Having been out and about the previous day on official Consider The sauce business/fun, we figure this Sunday will be a cruise.

But the perfect visit to Highpoint – sleeping bag, four pairs of socks, in and out in under 20 minutes on a crazy mad busy Sunday – has us running ahead of schedule and in the mood.

Another pleasant surprise comes when, after telling Bennie he can have his choice of any burger joint within easy driving distance, he says: “I want noodles!”

So with much glee it is we head for North Melbourne and the Spring Fling in Errol St.

Andy, from Thaicentric blog Krapow, is using the festival to launch his Soi 38 enterprise and we’re keen for a taste.

Boat noodles are a new one on us – and most likely Most Melburnians, even those with a well-honed love of Thai food.

You can read what Andy and his crew are aiming at this Krapow post and the links at the end.

Their stall – fronted by a real-deal street food cart – is doing a roaring trade, but we wait just a few minutes to get our food.

Our boat noodles are a smallish serve that is just right for us and a fine deal at $5.

Andy may be irked by the comparison, but they come across to us as a drier Thai-style version of pho.

Thin noodles, a fish ball, some beautifully tender meat, all in a richly flavoursome pork broth, garnished with coriander, bean sprouts and crunchy, healthy (ahem …) pork crackling.

While being quite plain in the seasoning department, they’re very good.

Even better, they’re served in real bowls and non-disposable chop sticks.

In our experience with street/festival food in Melbourne, this is a first.

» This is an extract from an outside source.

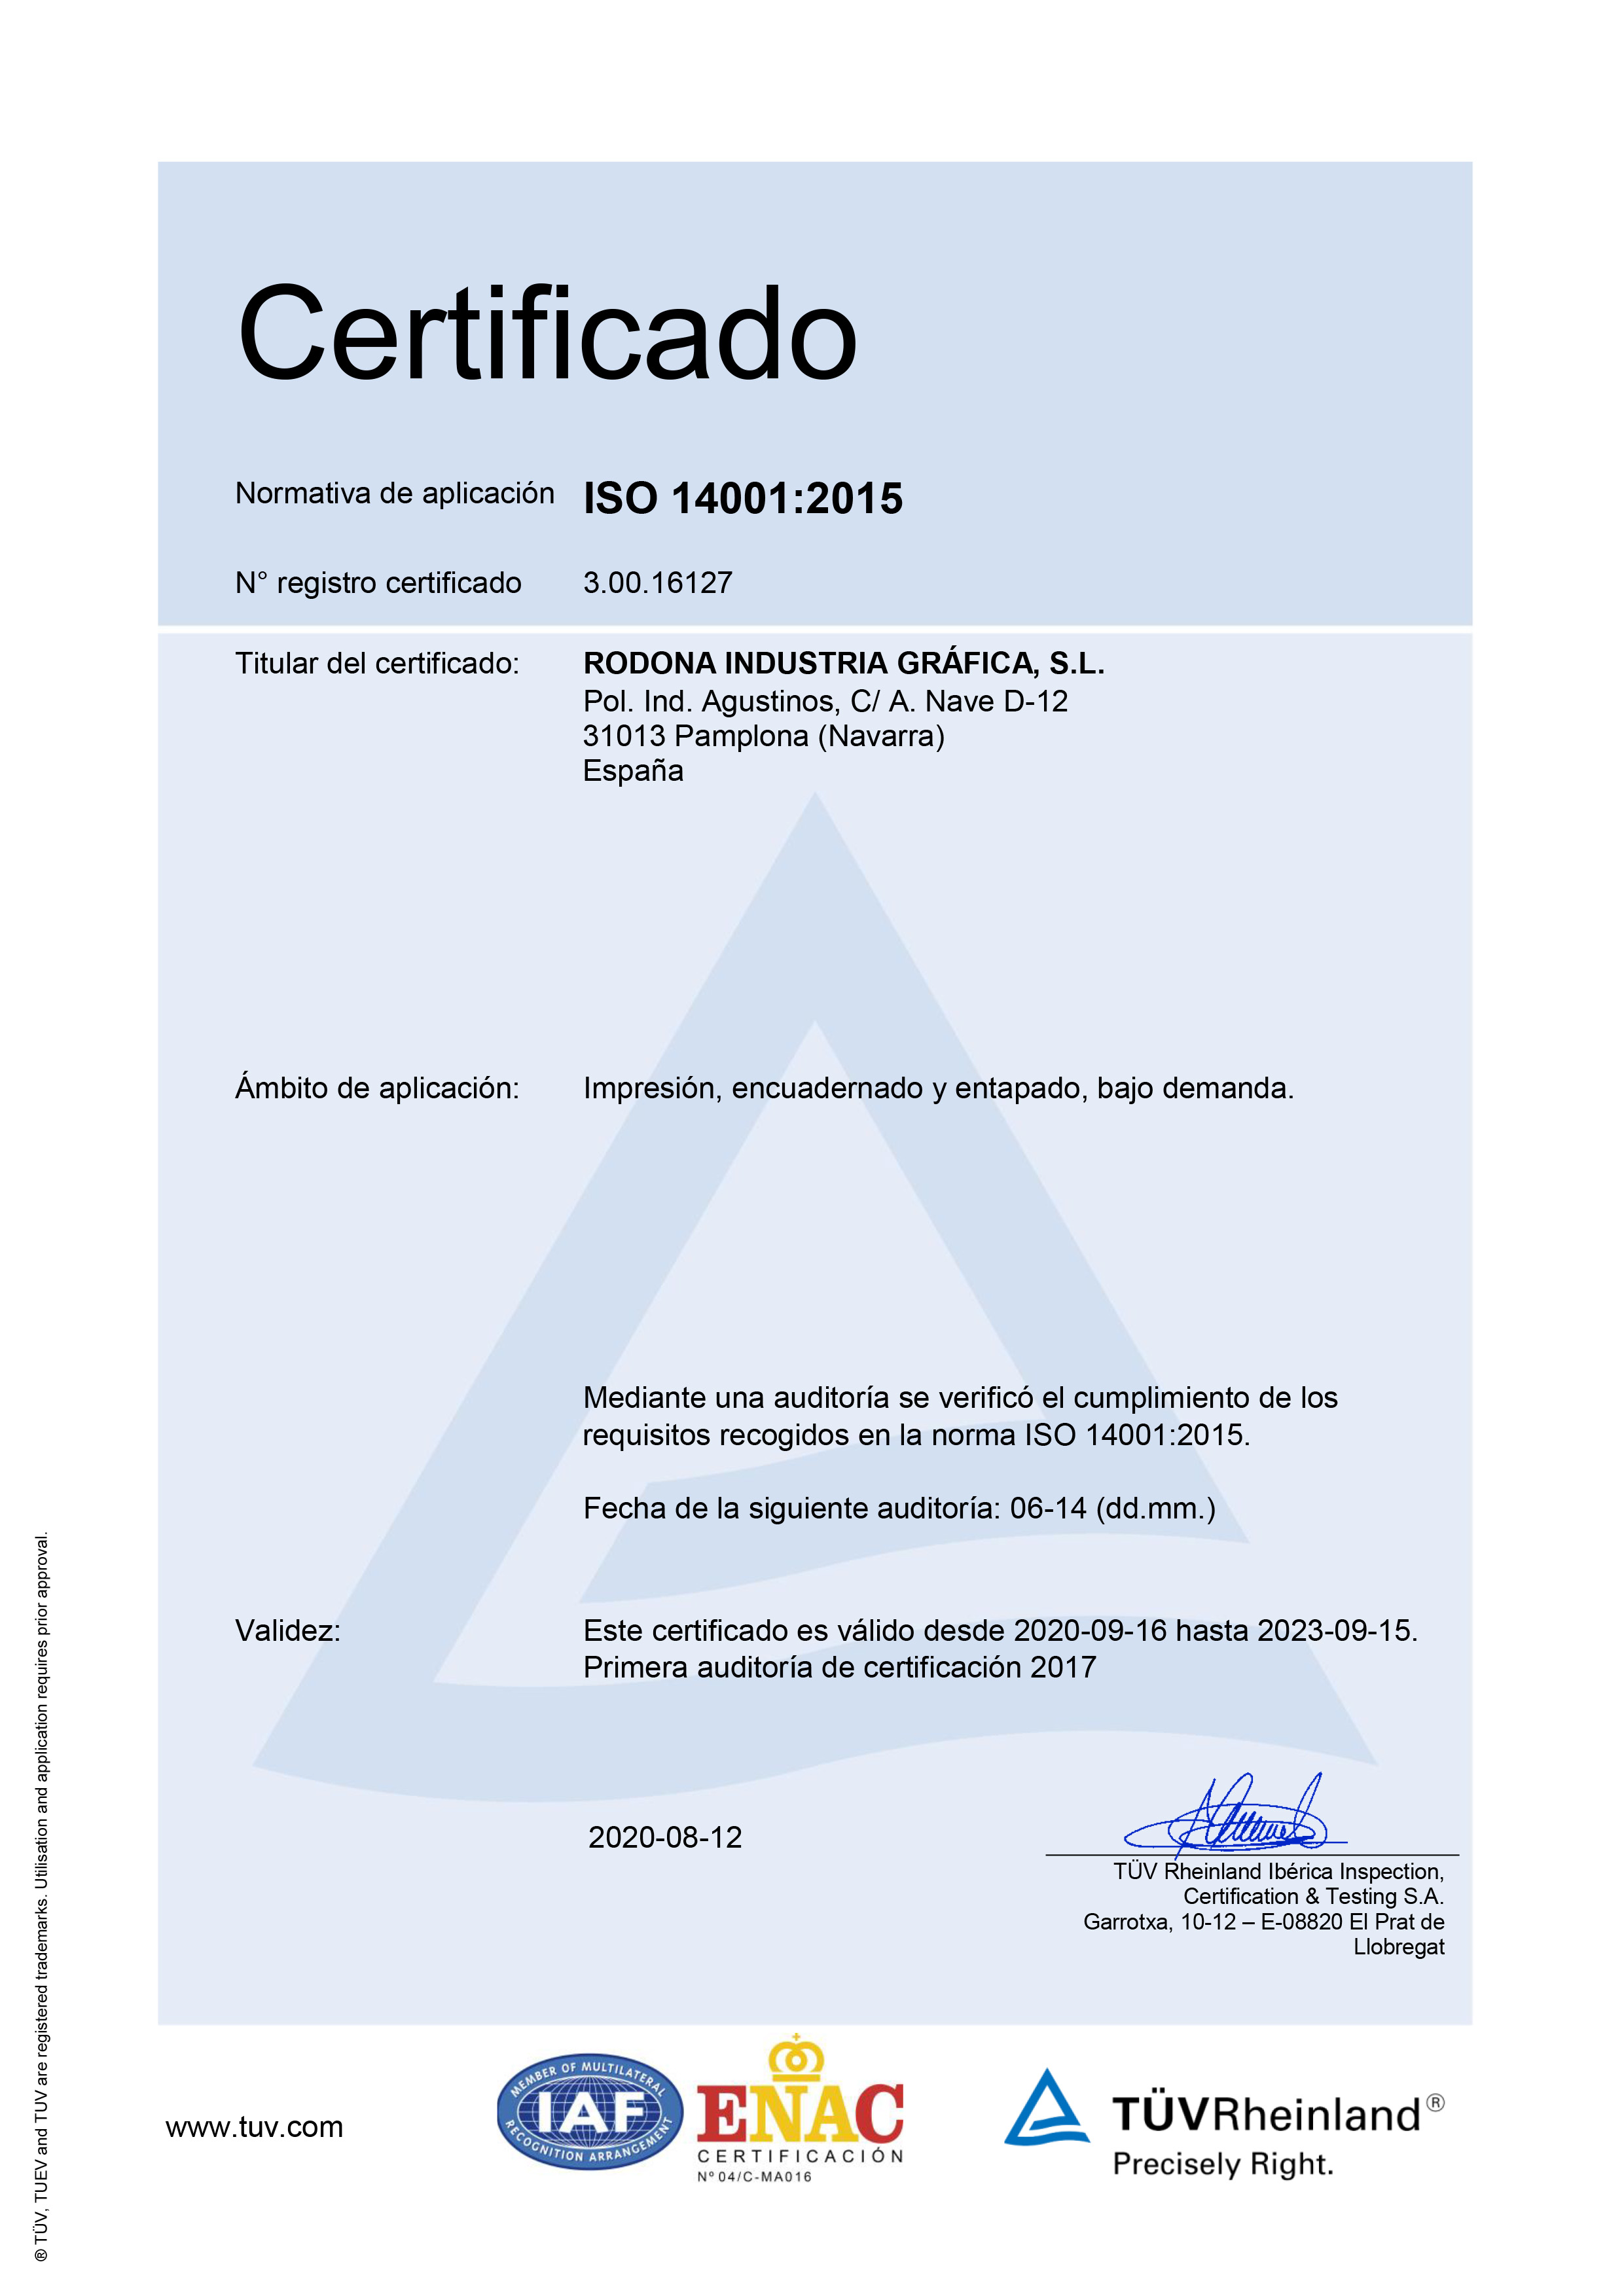 Teleférico centavo sátira Certificados de calidad - Rodona

In our opinion, this is a thing of monumental hipness!

And it goes to show that if food sellers are really intent on not using plastic, styrofoam and otherwise throwaway trash cutlery and containers, it can be done.

Quite apart from the environmental aspects, it makes the eating experience so much more enjoyable.

Bravo!

We finish our meal with a serve – from the same crew of – khanom dorayaki ($5 for four).

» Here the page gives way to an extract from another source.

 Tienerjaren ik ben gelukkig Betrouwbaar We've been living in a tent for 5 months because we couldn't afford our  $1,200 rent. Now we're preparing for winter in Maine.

These little pikelet-like sandwiches – filled with the likes of with custard, pandan Ccustard, sweet taro, sala custard and creaming soda custard – are soooooo good.

After wolfing down these light-as-a-feather pleasure bombs, we head for home having had a super lunch for $15.

Hopefully, this is the start of something big for the Soi 38 crew – we certainly wish them and will be keeping a watch to learn of their next outing.

Sweet Rice again …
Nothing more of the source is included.